The discrepancies are now at the level of 0.1% or below.

On my pc, this entire calculation took less than two minutes.

# Matrix elements

This takes very similar options to the regular MatrixElements{} module:

// Available Module::CI_matrixElements options/blocks
// e.g., E1, hfs (see ampsci -o for available operators)
operator;
// options specific to operator
options{}
// Method used for RPA: true(=TDHF), false, TDHF, basis, diagram
rpa;
// Text or number. Freq. for RPA (and freq. dependent operators). Put 'each'
// to solve at correct frequency for each transition. [0.0]
omega;
// List of angular momentum Js to calculate matrix elements for. If blank, all
// available Js will be calculated. Must be integers (two-electron only).
J;
// As above, but for EVEN CSFs only (takes precedence over J).
J+;
// As above, but for ODD CSFs (takes precedence over J).
J-;
// Maximum solution number to calculate MEs for. If blank, will calculate all.
num_solutions;
}
void CI_matrixElements(const IO::InputBlock &input, const Wavefunction &wf)
Calculates matrix elements for CI wavefunctions.
Definition: matrixElements.cpp:585

It's typically not recommended to use omega=each, as this solves the RPA equations for each transition, and the frequency-dependence is usually small.

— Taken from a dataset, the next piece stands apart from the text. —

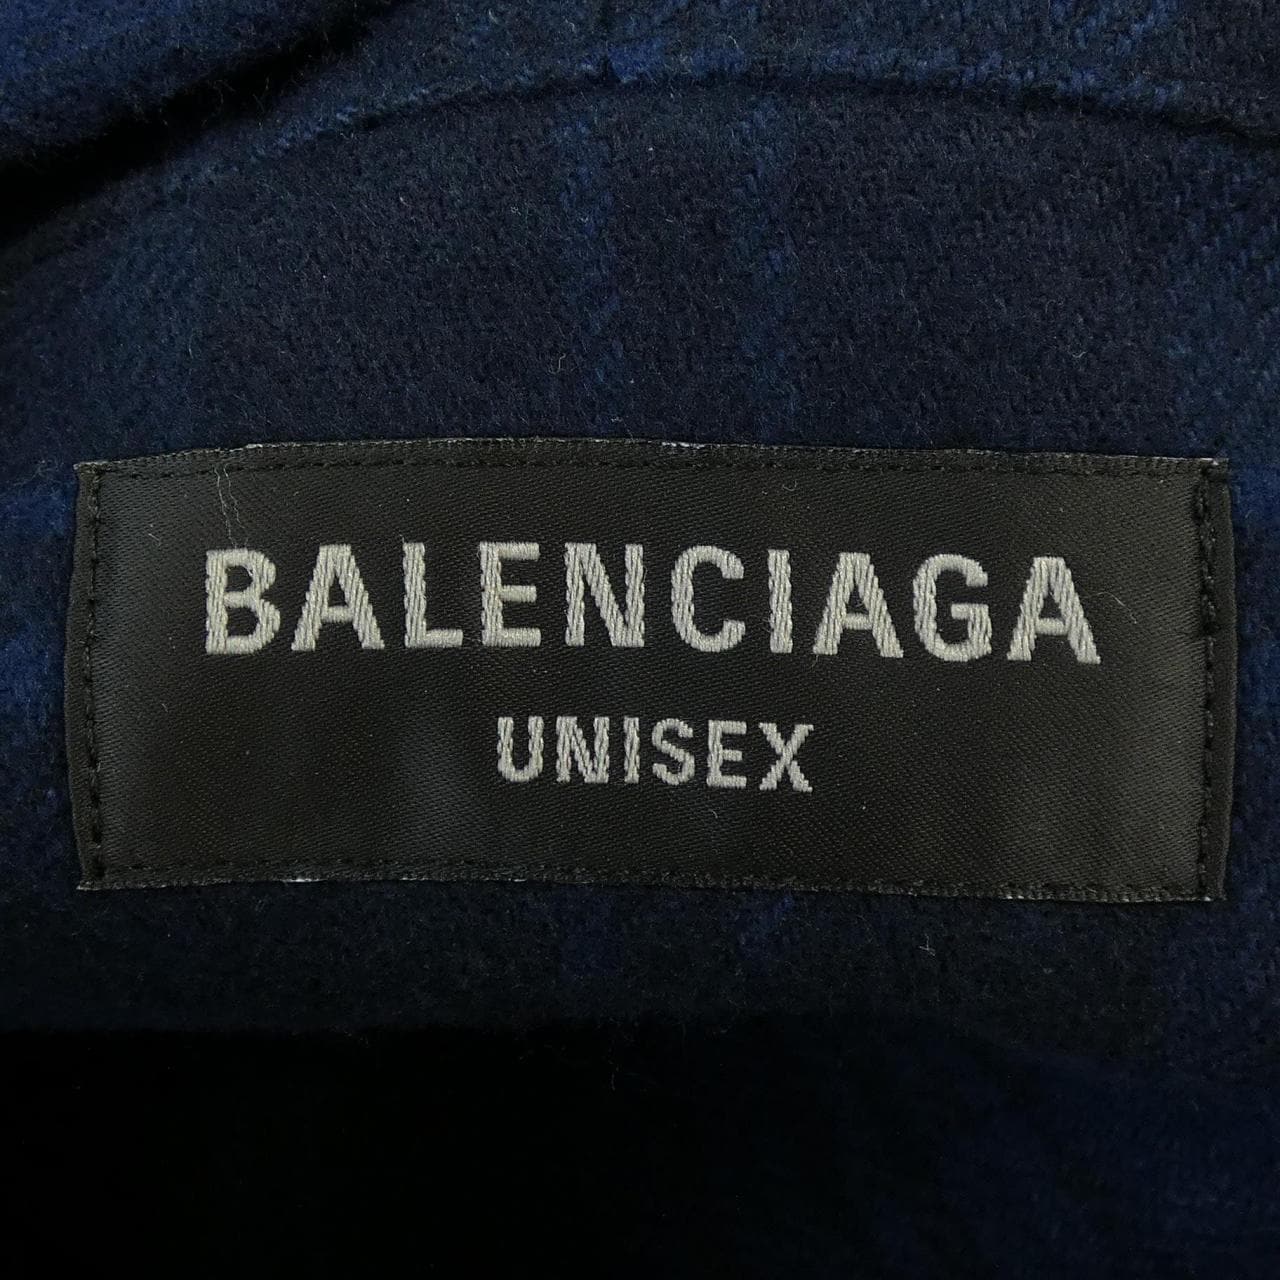 BALENCIAGA shirt

Module::CI_MatrixElements{
operator = E1;
rpa = true;
omega = 0.15970531;
}

The output is something like:

CI Matrix Elements - Operator: E1
Units: |e|aB
Including RPA: TDHF method
Solving RPA at fixed frequency: w=0.159705
TDHF E1 (w=0.1597): 13 7.5e-09 [1s+,p-]
Ja # conf - Jb # conf w_ab t_ab
0+ 0 3s^2 1S - 1- 0 3s3p 3Po 0.09949 -1.23847e-03
0+ 0 3s^2 1S - 1- 1 3s3p 1Po 0.15989 -4.02693e+00
0+ 1 3s4s 1S - 1- 0 3s3p 3Po 0.09865 -1.68797e-03
0+ 1 3s4s 1S - 1- 1 3s3p 1Po 0.03825 -4.24587e+00
1- 0 3s3p 3Po - 0+ 0 3s^2 1S 0.09949 1.23847e-03
1- 0 3s3p 3Po - 0+ 1 3s4s 1S 0.09865 1.68797e-03
1- 1 3s3p 1Po - 0+ 0 3s^2 1S 0.15989 4.02693e+00
1- 1 3s3p 1Po - 0+ 1 3s4s 1S 0.03825 4.24587e+00

(this is for a reduced set of levels).

This implies the lifetime of the first $${}^1P^o_1$$ level is 2.12 ns, in excellent agreement with experiment.